Goal of the exercise: Find the line containing "blueberry latte with spilled milk" in the listing below; reproduce it and every line after, exactly. Skip pictures.

Supplied data:
= Beginning of Section =

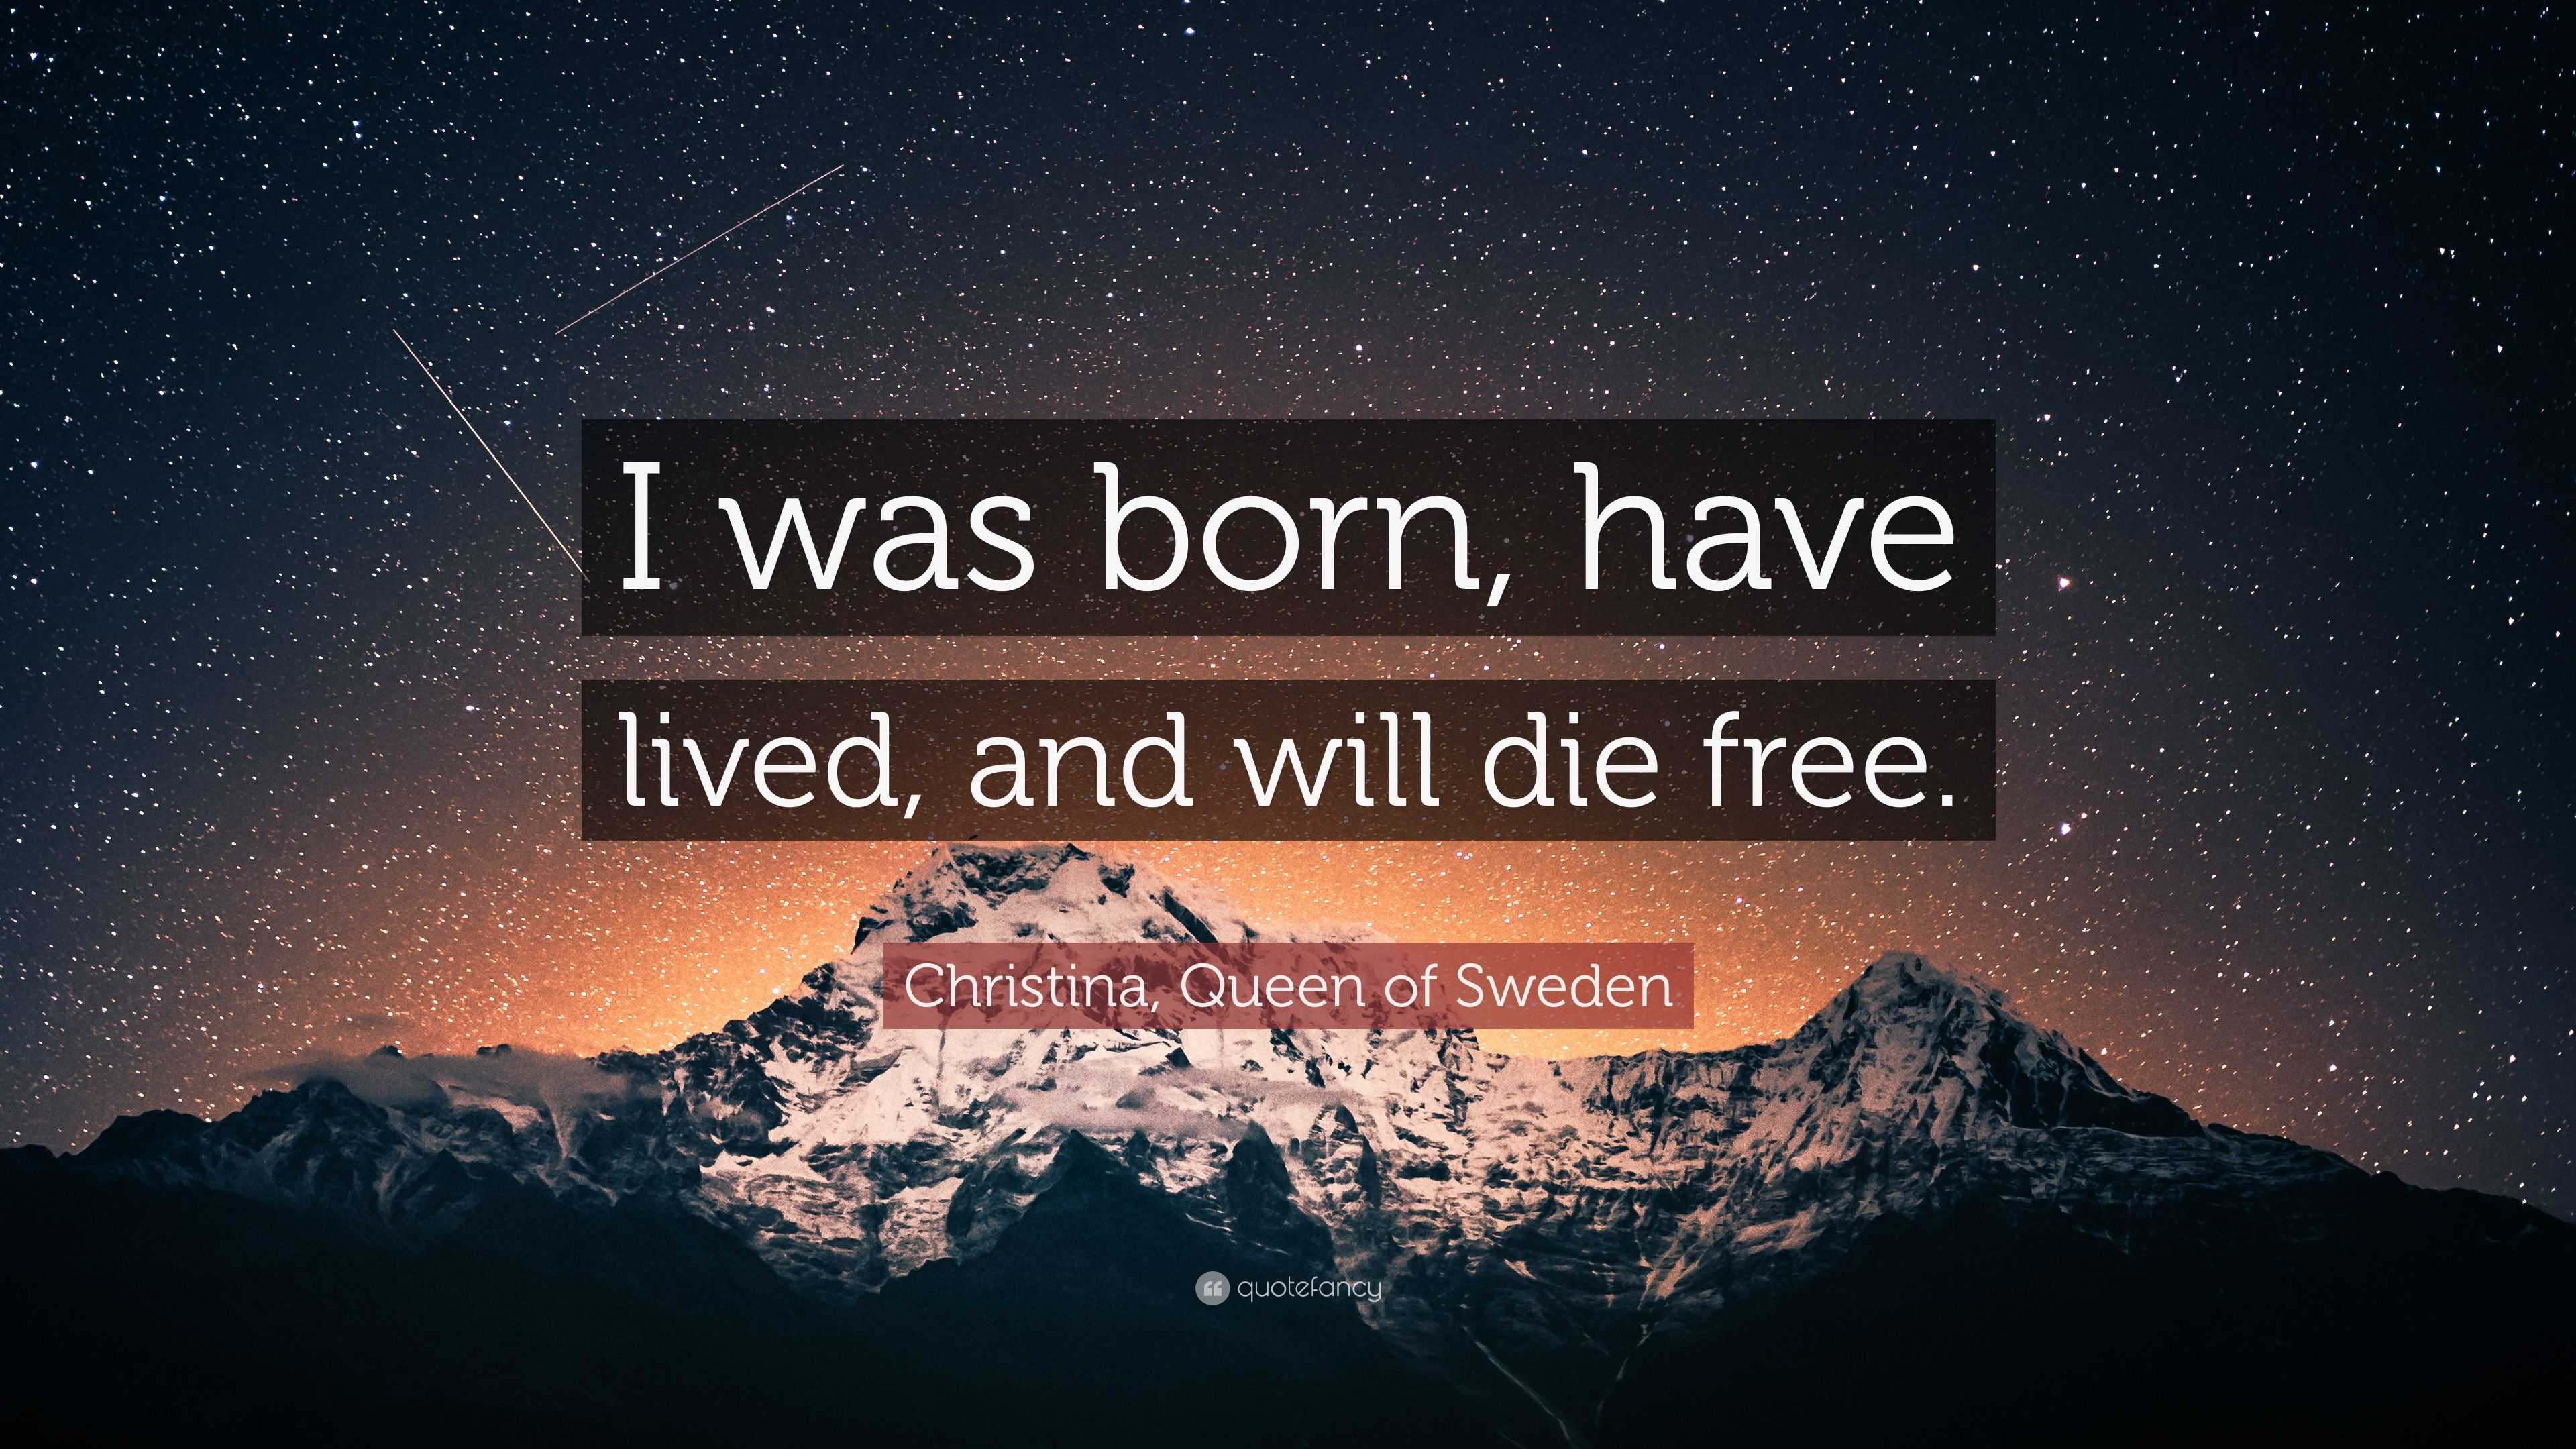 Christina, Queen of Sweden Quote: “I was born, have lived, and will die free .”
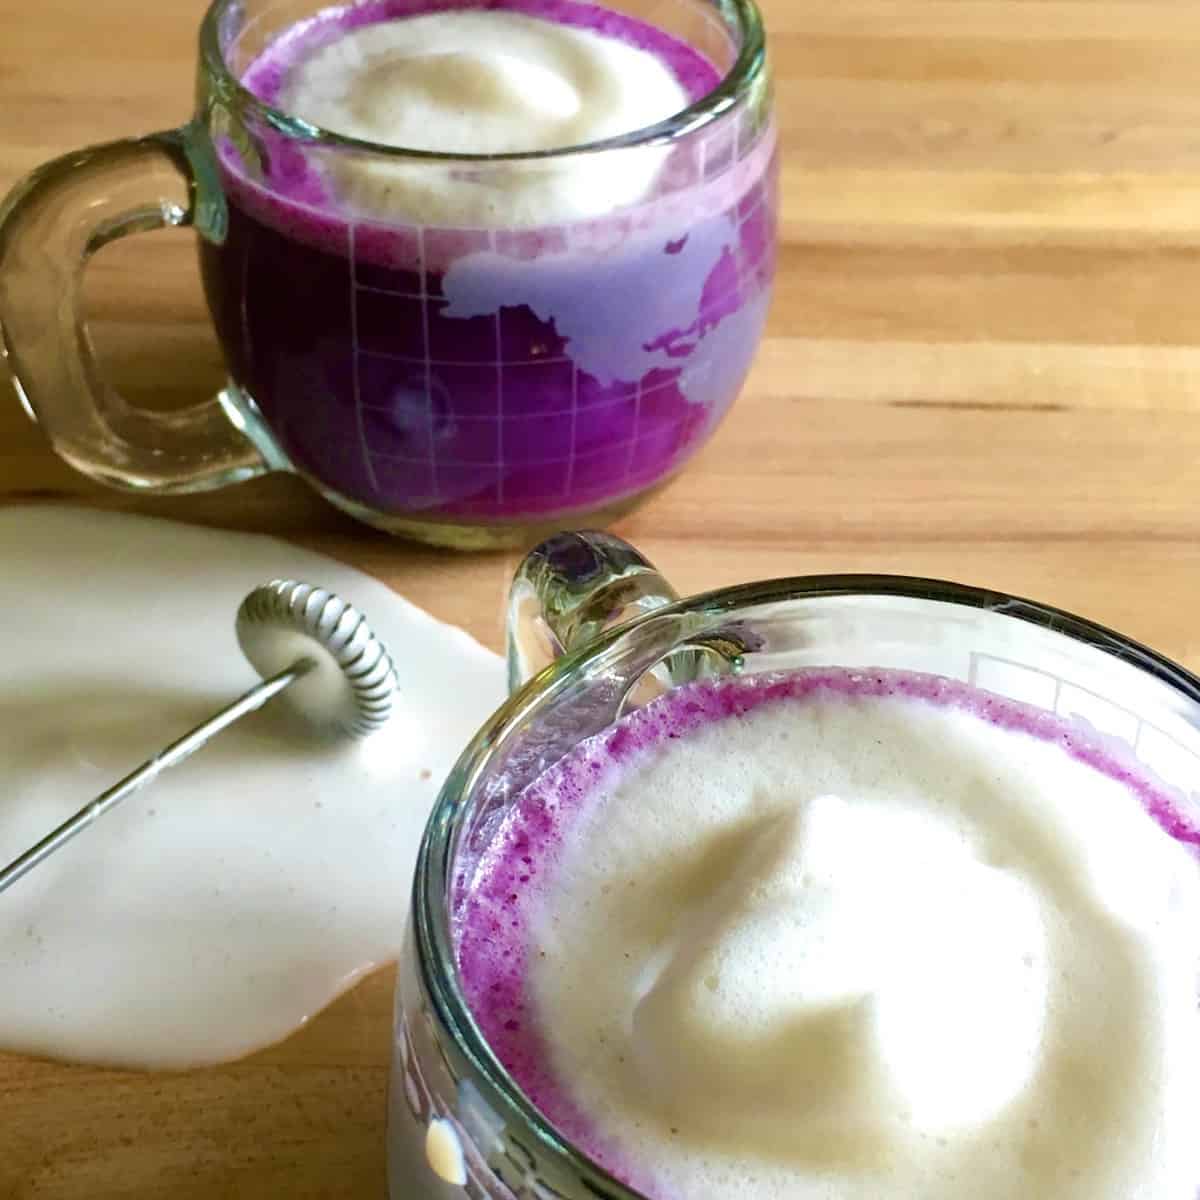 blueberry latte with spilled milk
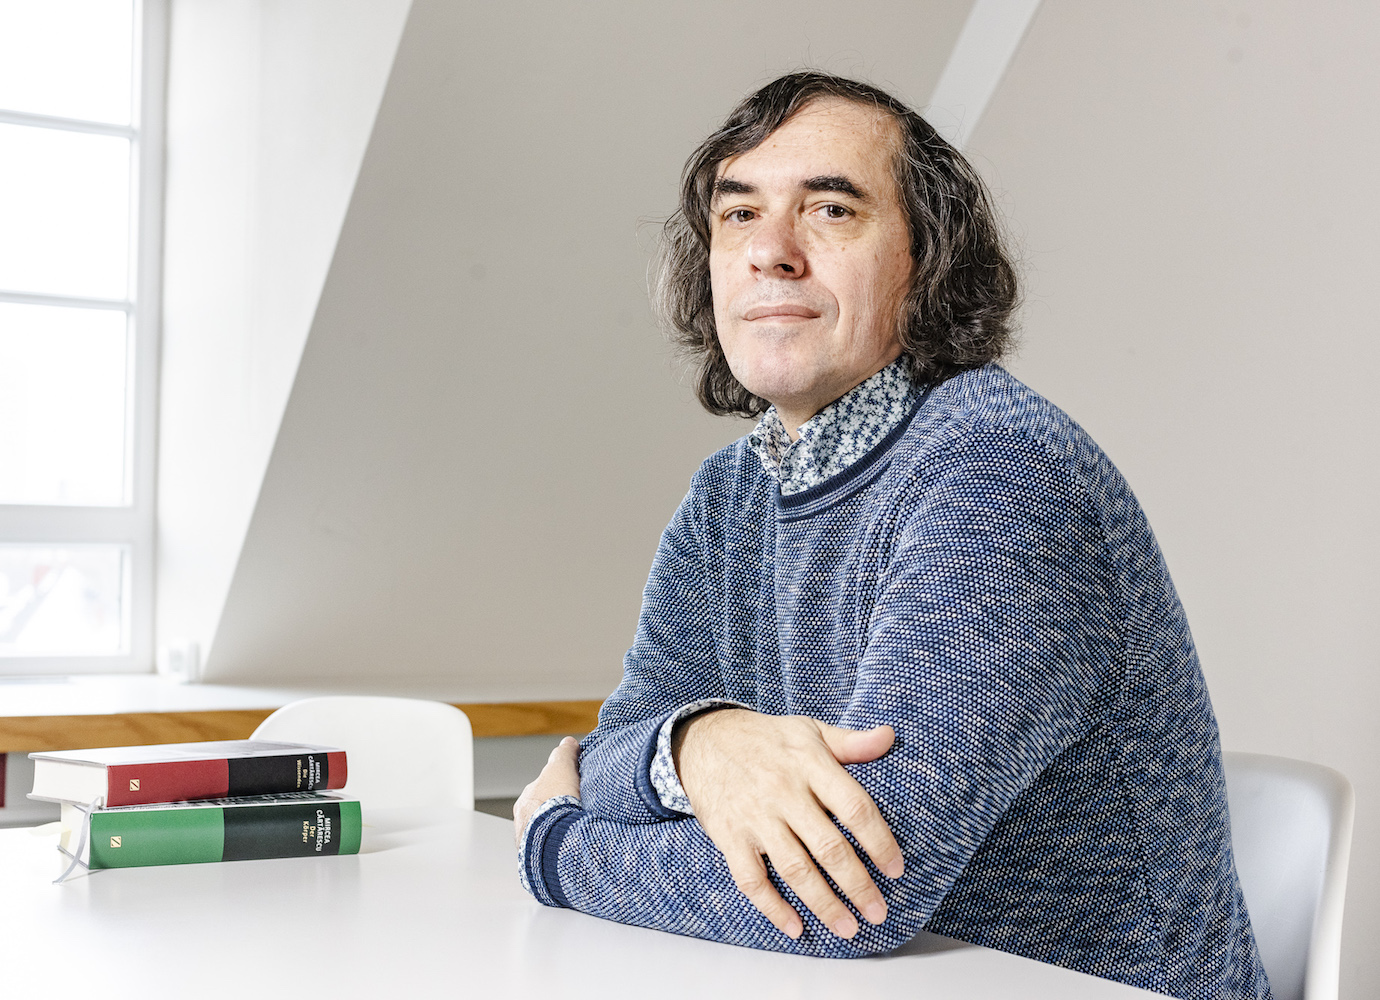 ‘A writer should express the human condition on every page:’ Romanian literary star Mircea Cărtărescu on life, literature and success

= End of Section =

Response:
 blueberry latte with spilled milk
 ‘A writer should express the human condition on every page:’ Romanian literary star Mircea Cărtărescu on life, literature and success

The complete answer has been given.